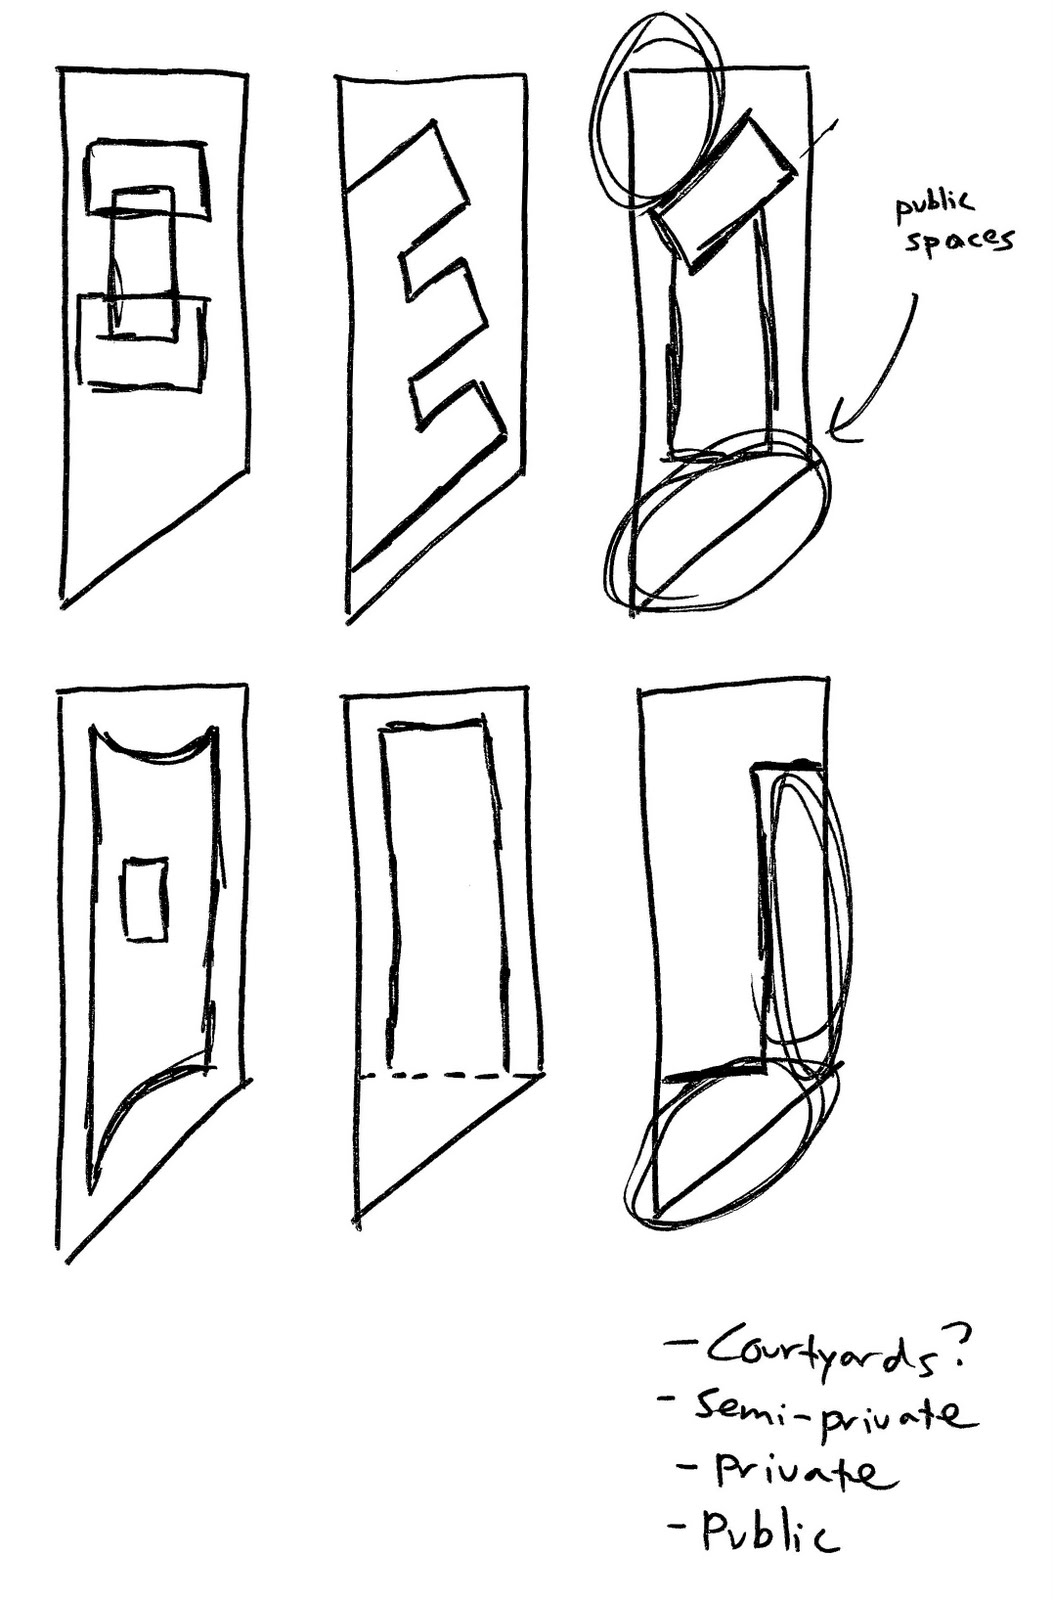 vanessa yu  arch1201 project 3  parti diagrams
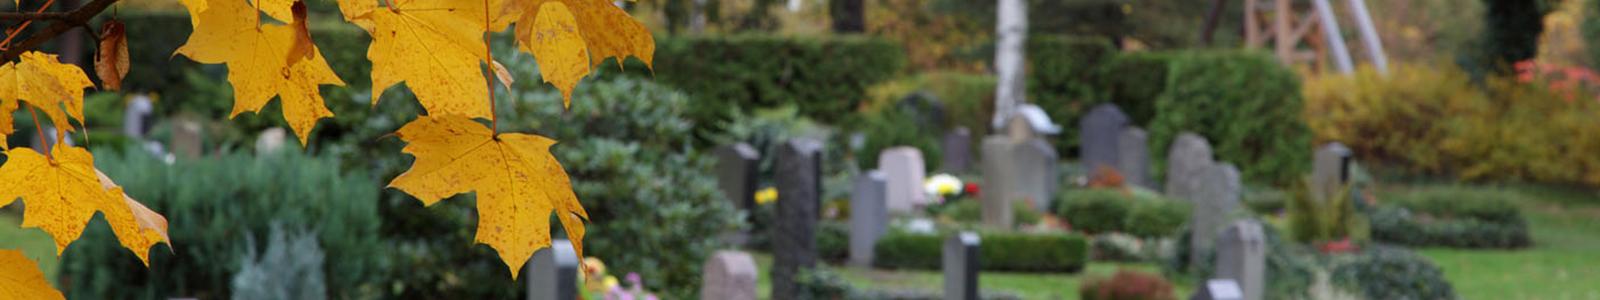 Friedhofsverwaltung Sophienkirchgemeinde
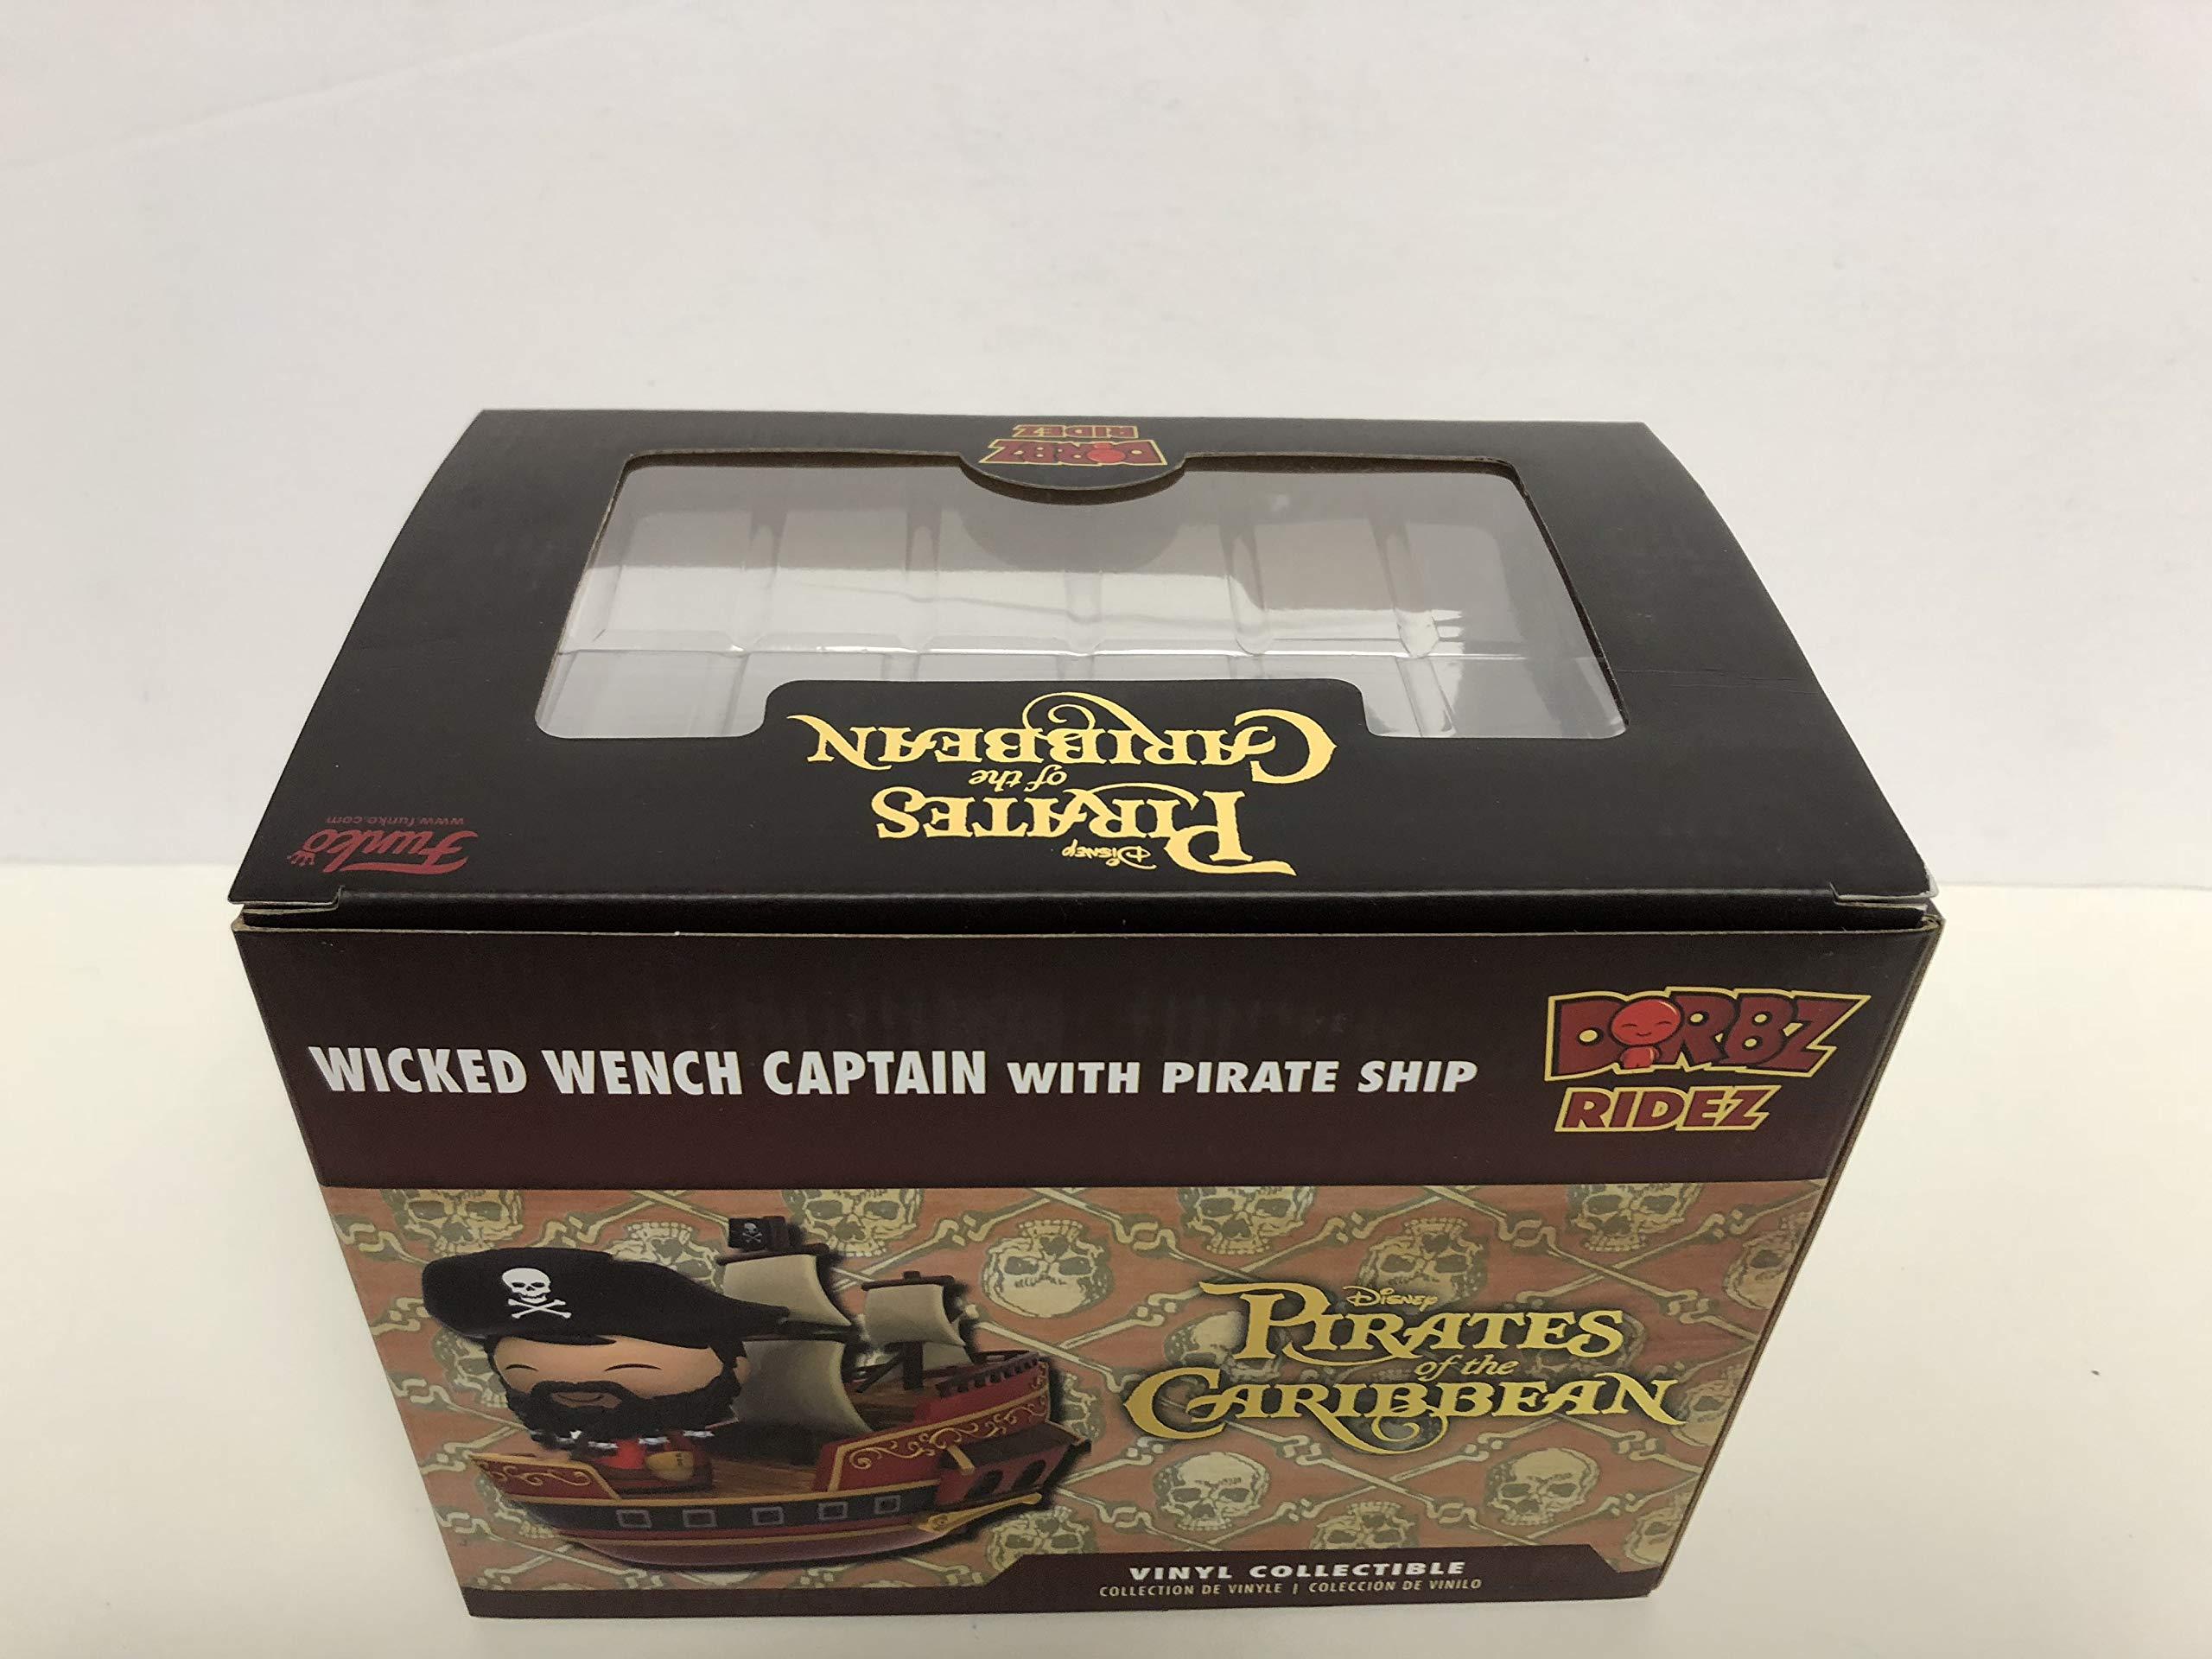 DORBZ RIDEZ Wicked Wench Captain with Pirate Ship vinyl collectible Funko Disney Treasures Exclusive

> **Work request**
Nothing but the pictures should be left out when the listing above is transcribed.

> **Response to the task**
 vanessa yu  arch1201 project 3  parti diagrams
 Friedhofsverwaltung Sophienkirchgemeinde
 DORBZ RIDEZ Wicked Wench Captain with Pirate Ship vinyl collectible Funko Disney Treasures Exclusive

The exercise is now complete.